# WHAT YOU WILL DO
For this listing, reproduce the line with "modernes Glashaus auf", the line with "Indígena do povo", and the lines between, exactly as they stand. Leave out pictures and all other lines.
===== INFORMATION GIVEN
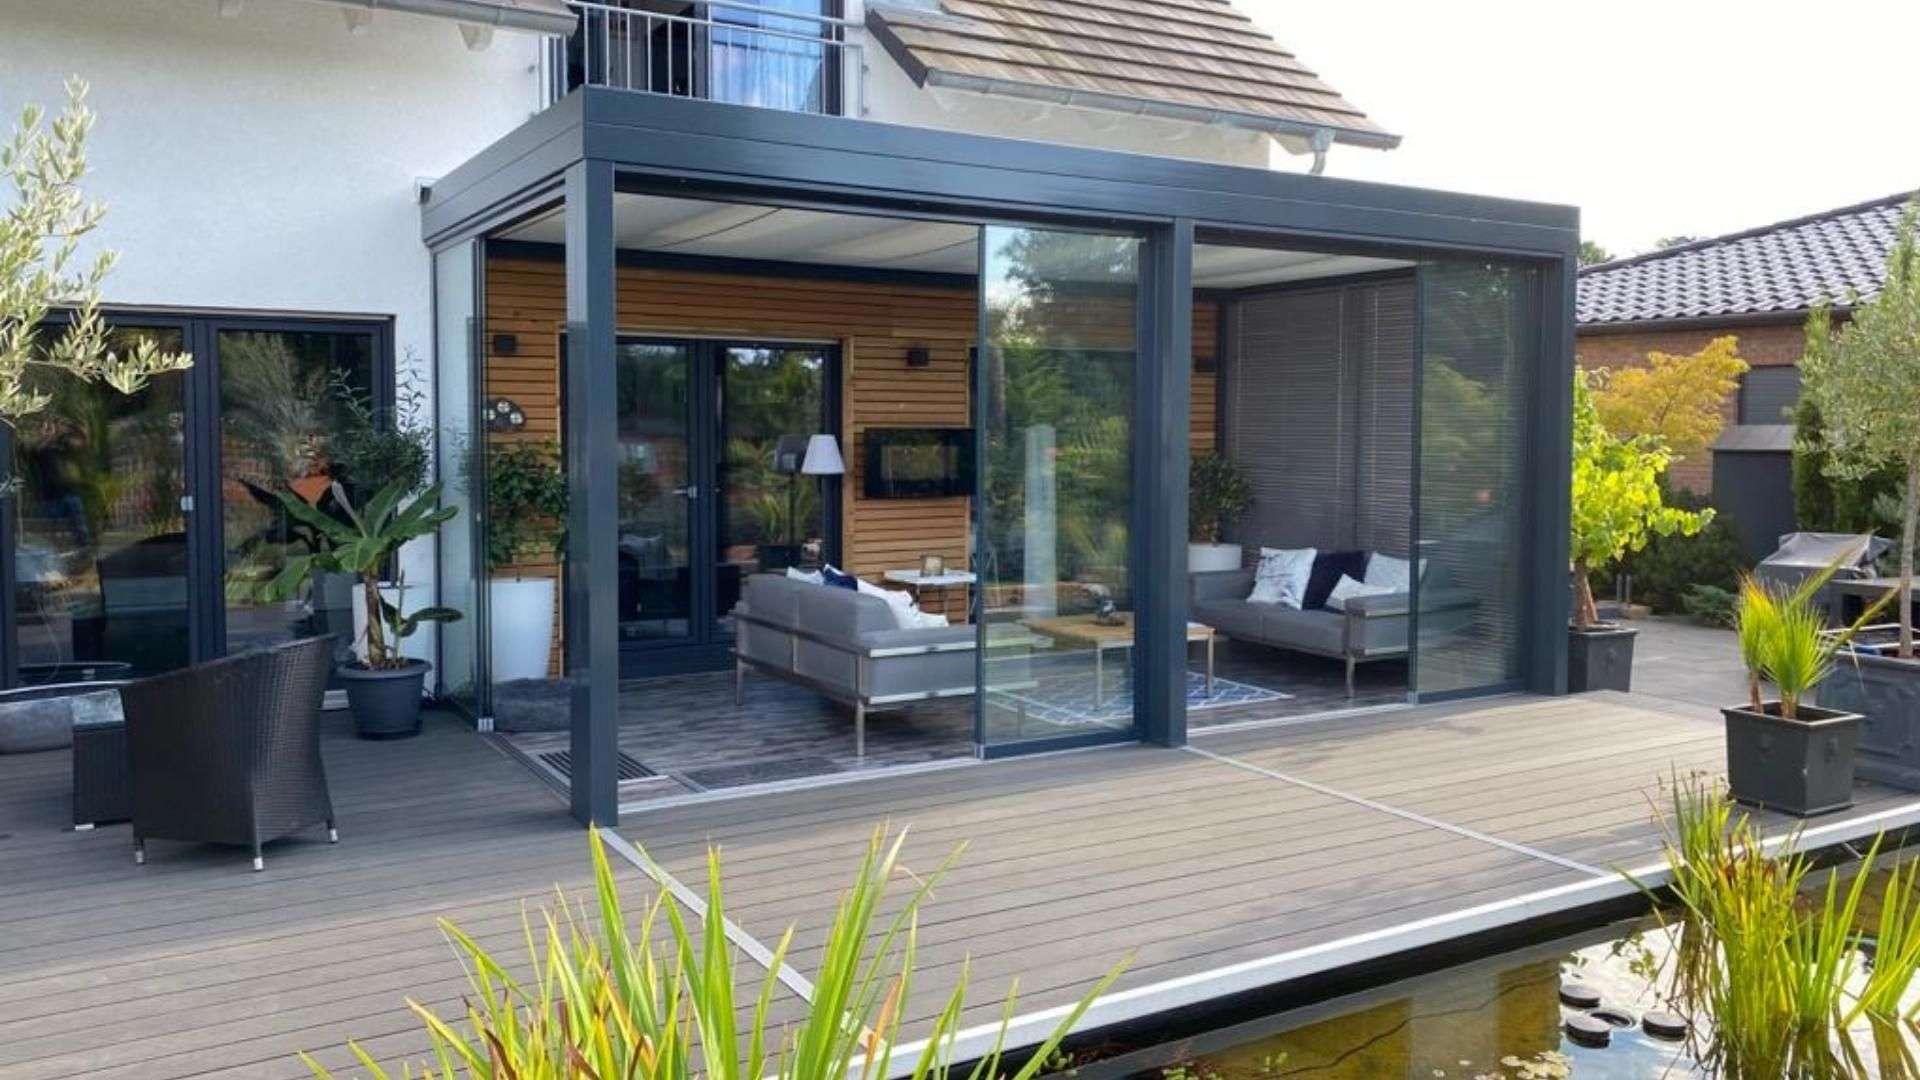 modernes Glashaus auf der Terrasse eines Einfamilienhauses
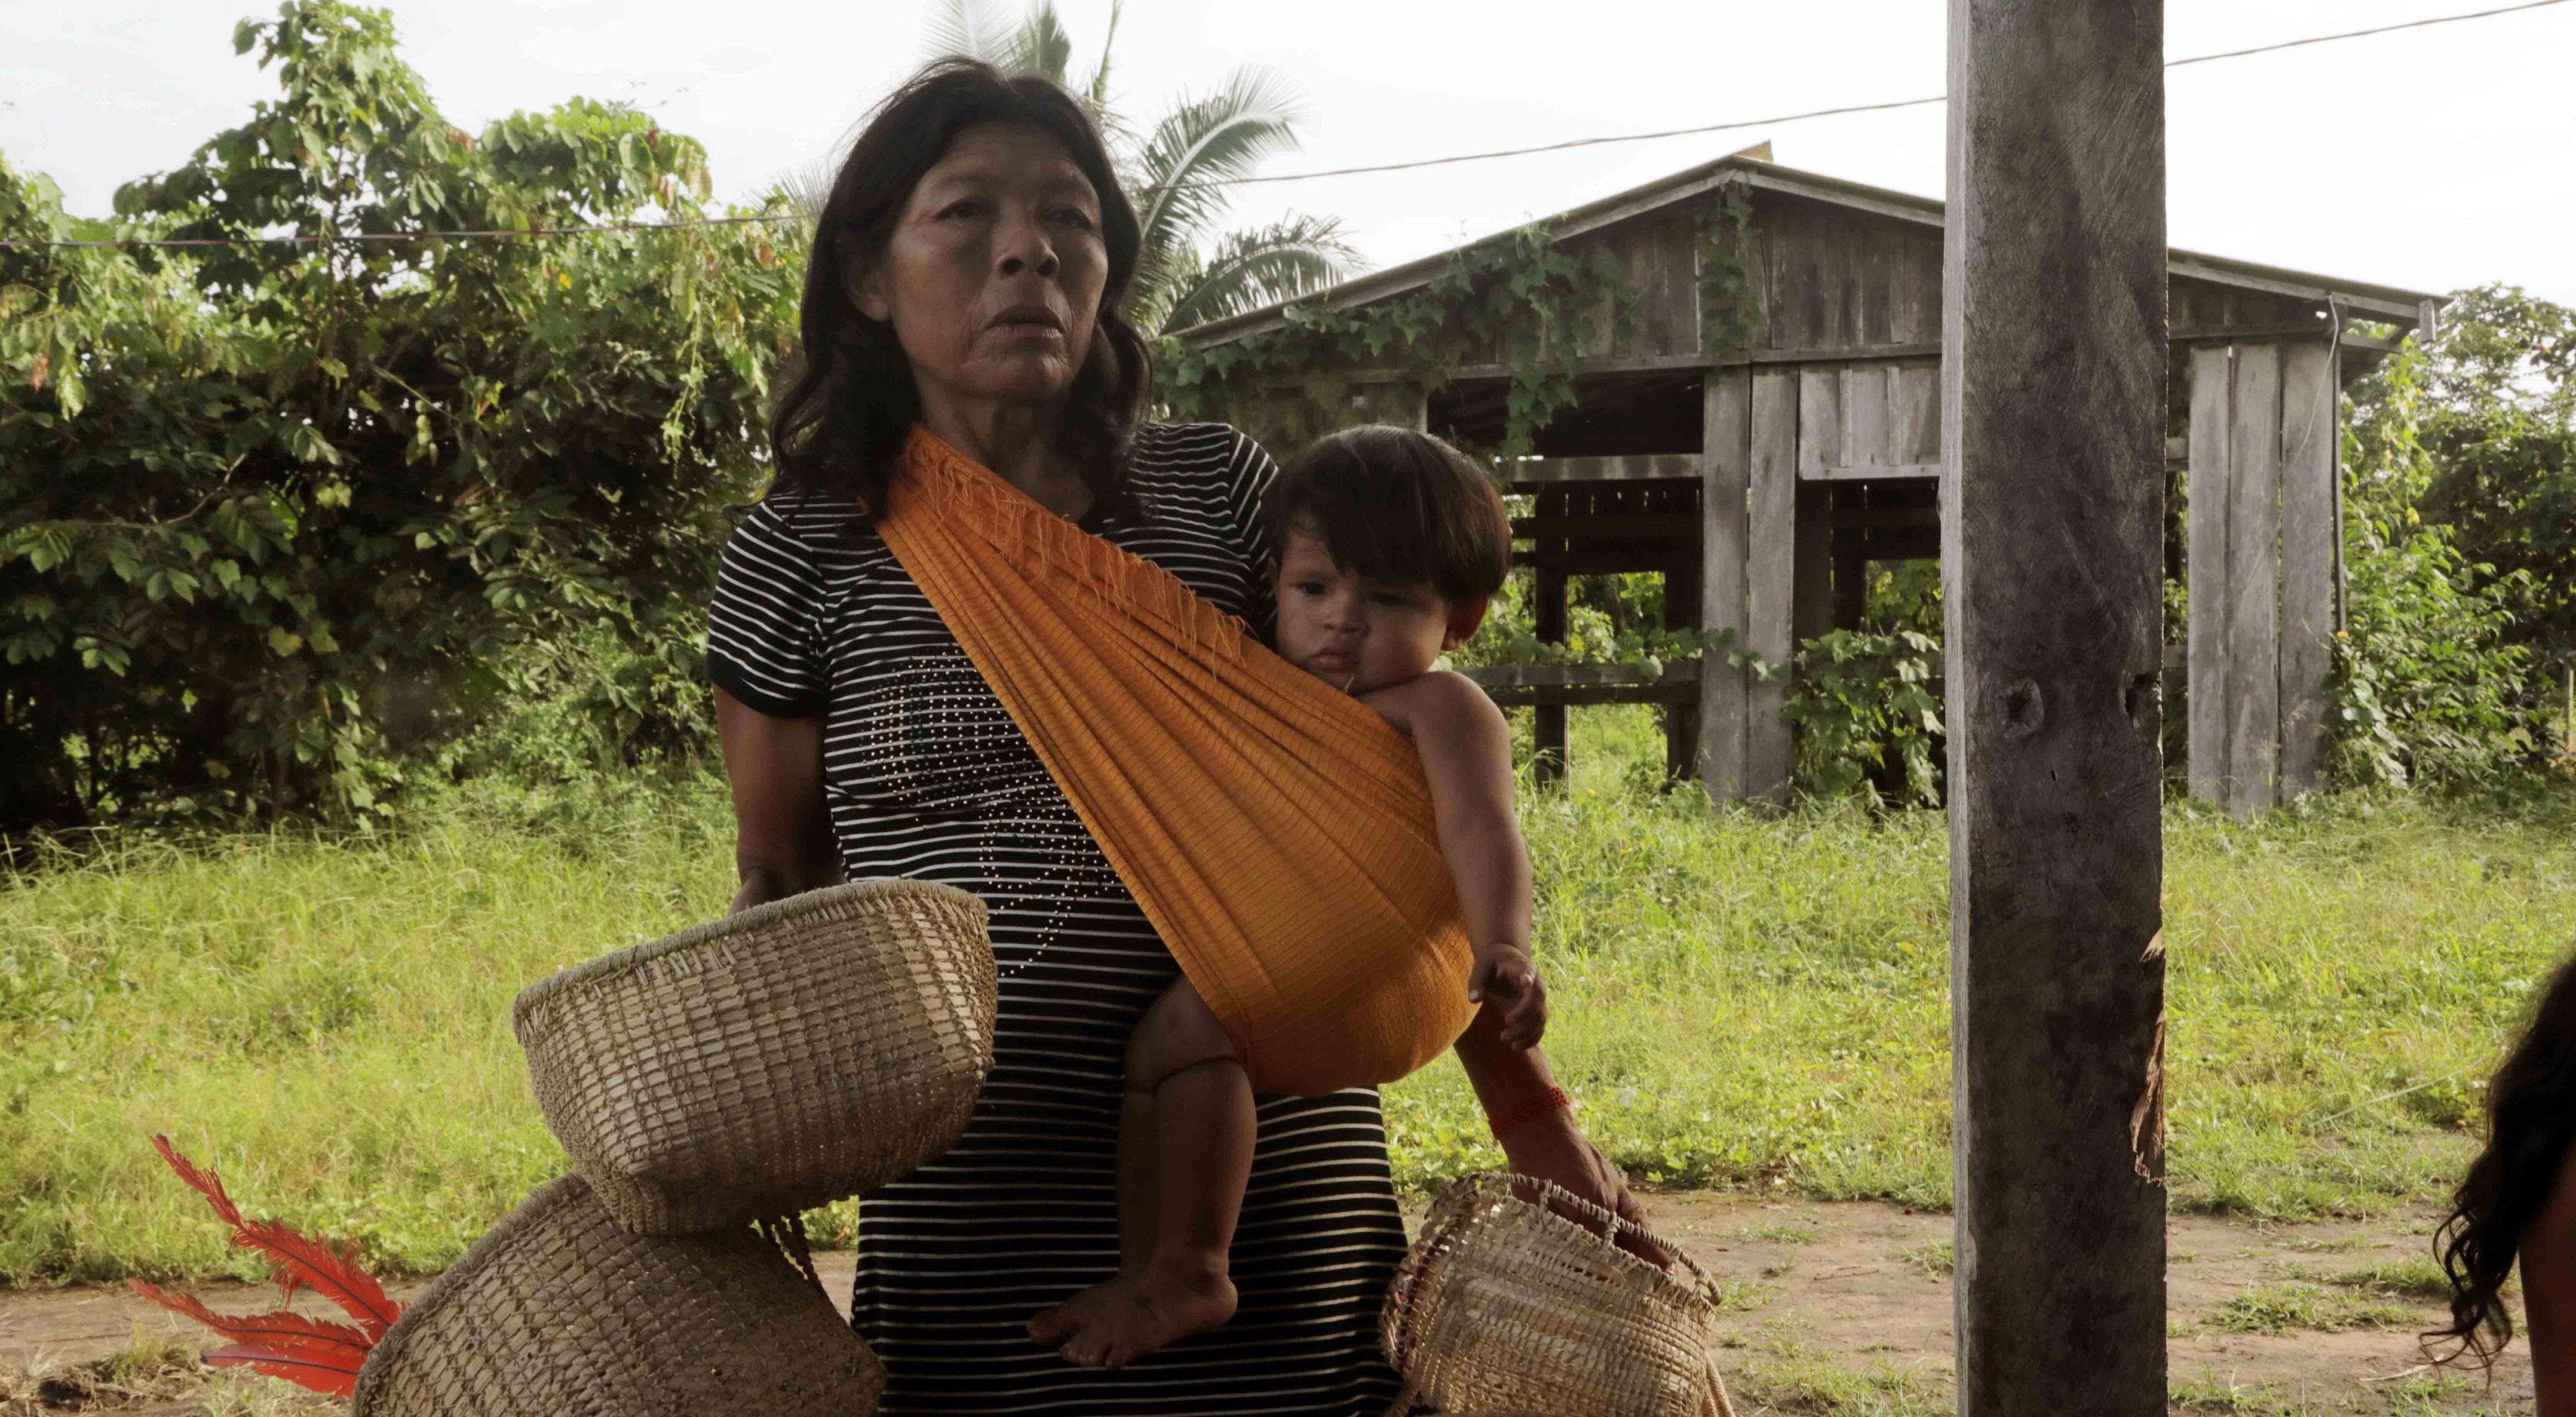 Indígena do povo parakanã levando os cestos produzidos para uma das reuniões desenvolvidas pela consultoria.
==========
===== INFORMATION GIVEN
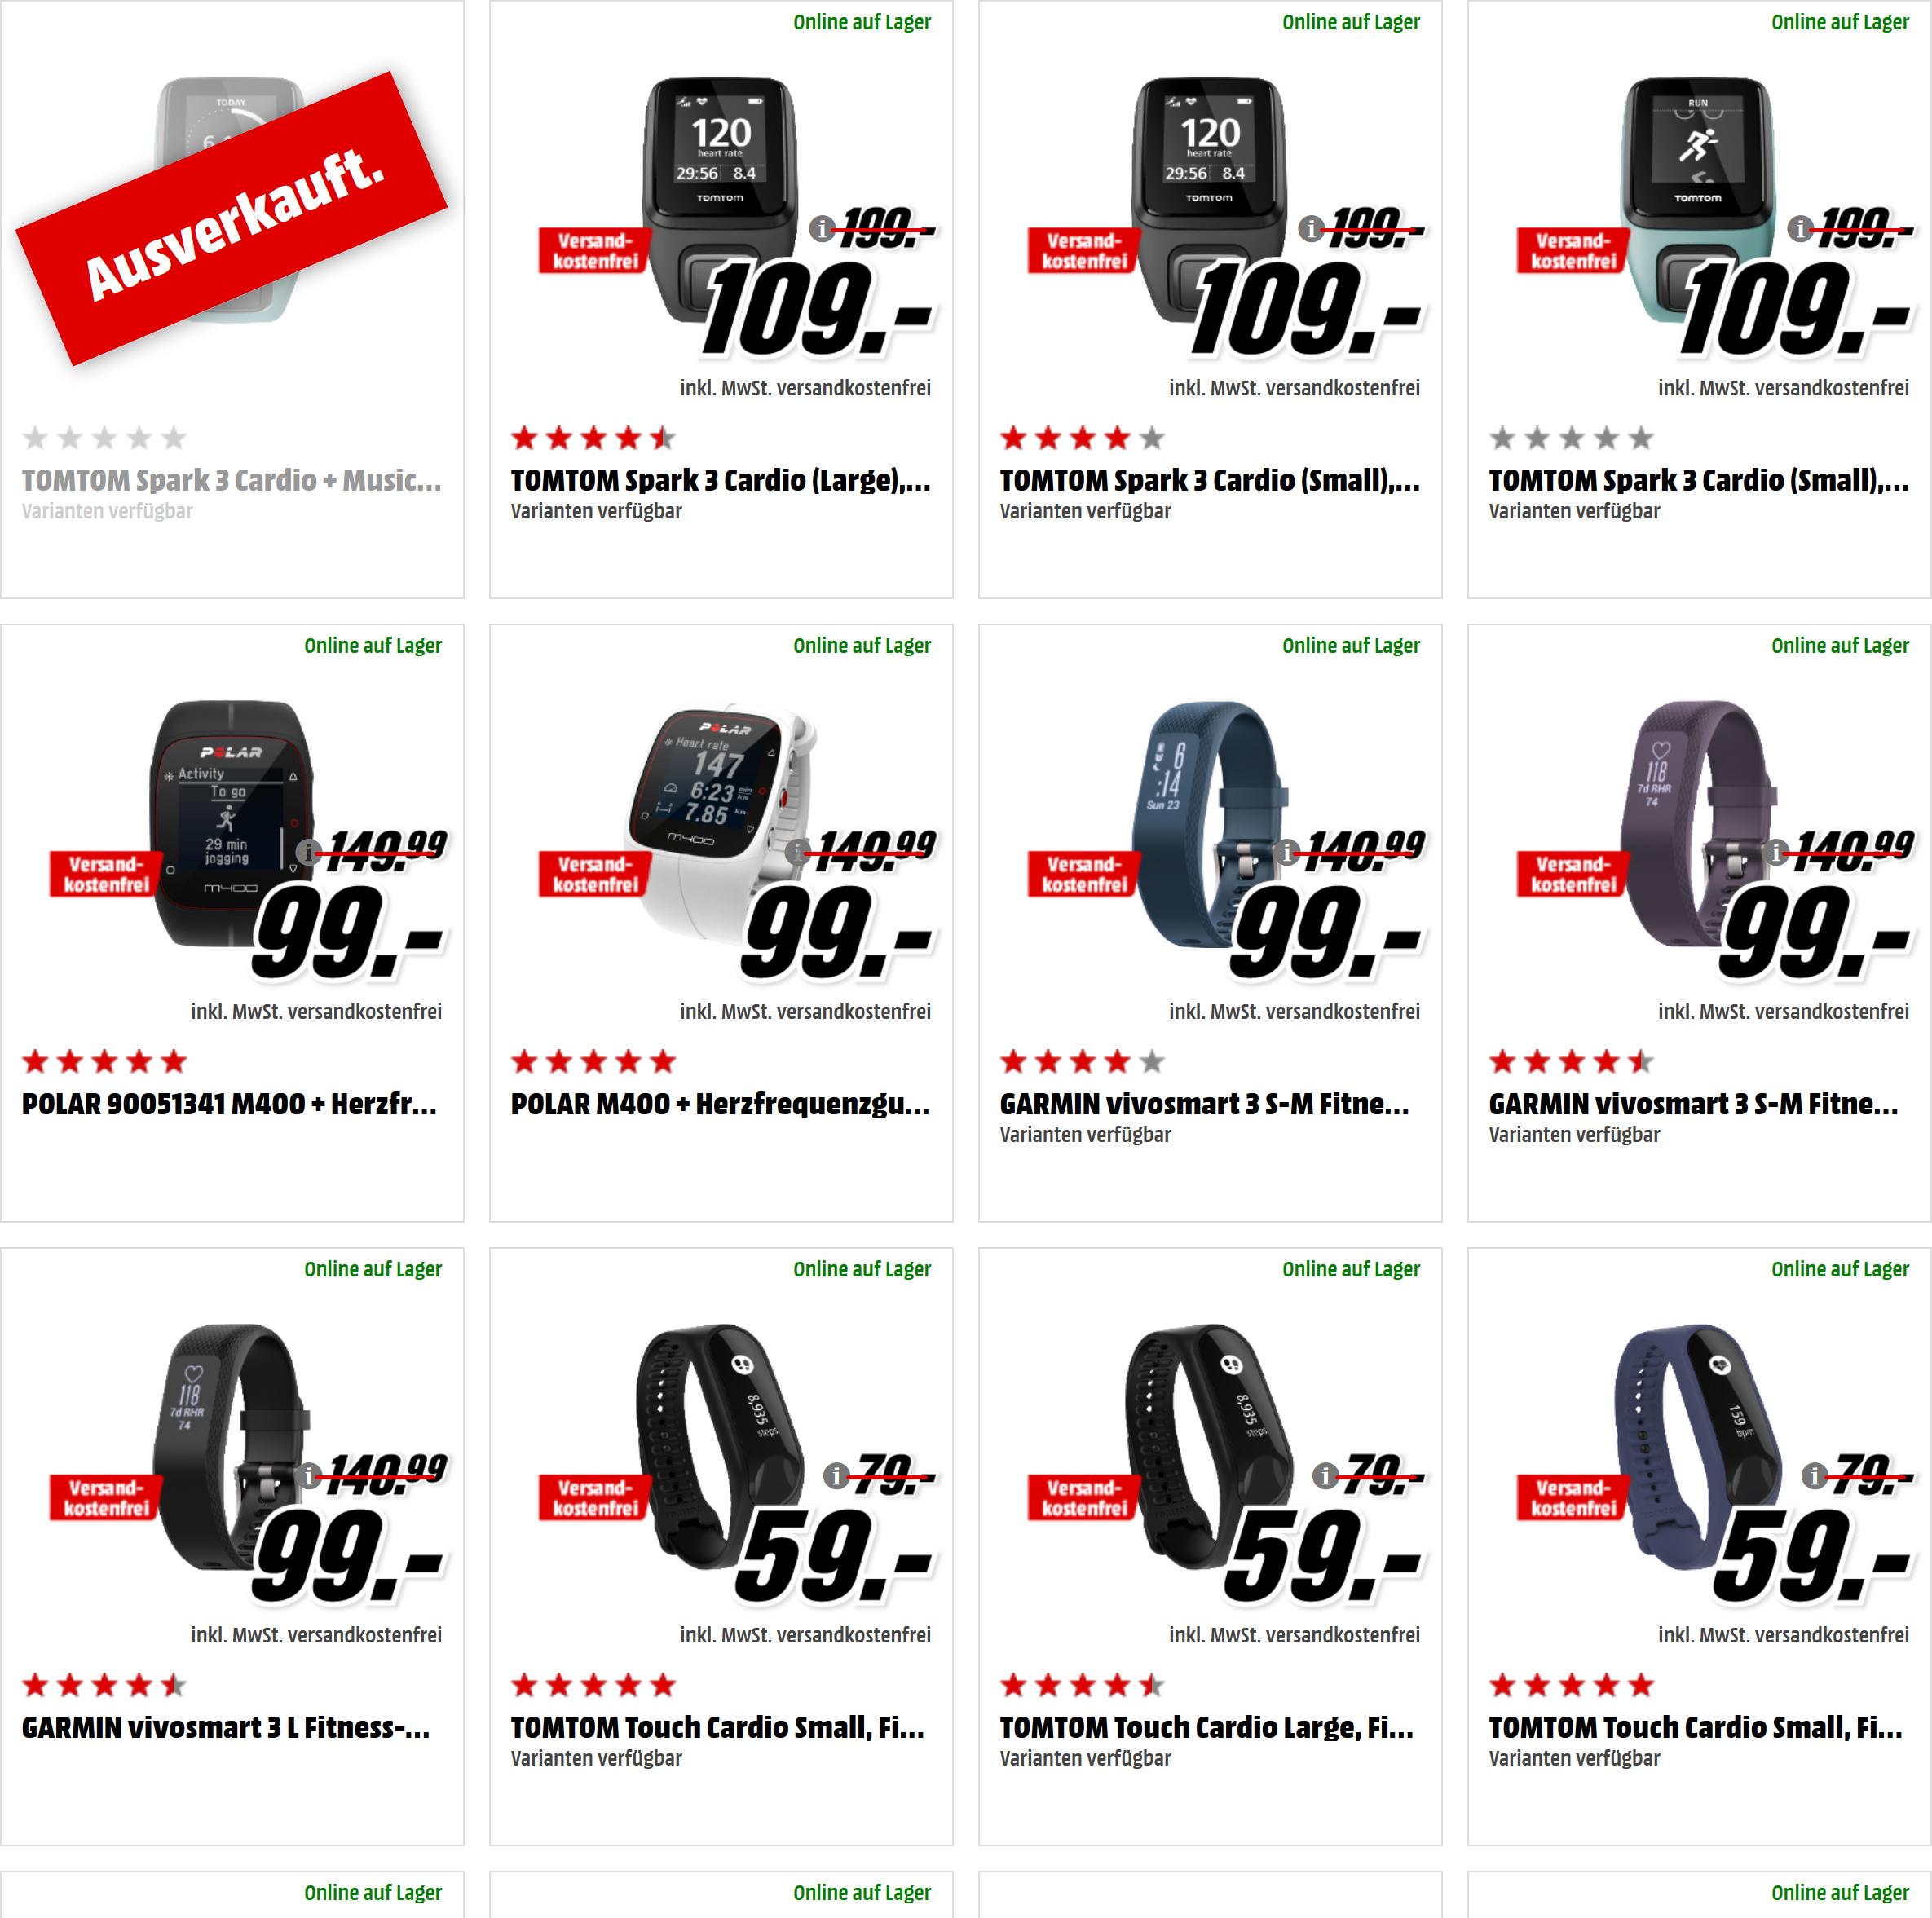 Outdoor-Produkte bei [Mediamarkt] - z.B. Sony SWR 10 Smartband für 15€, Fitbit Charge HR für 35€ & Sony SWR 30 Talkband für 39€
==========
# PROBLEM SOLUTION
 modernes Glashaus auf der Terrasse eines Einfamilienhauses
 Indígena do povo parakanã levando os cestos produzidos para uma das reuniões desenvolvidas pela consultoria.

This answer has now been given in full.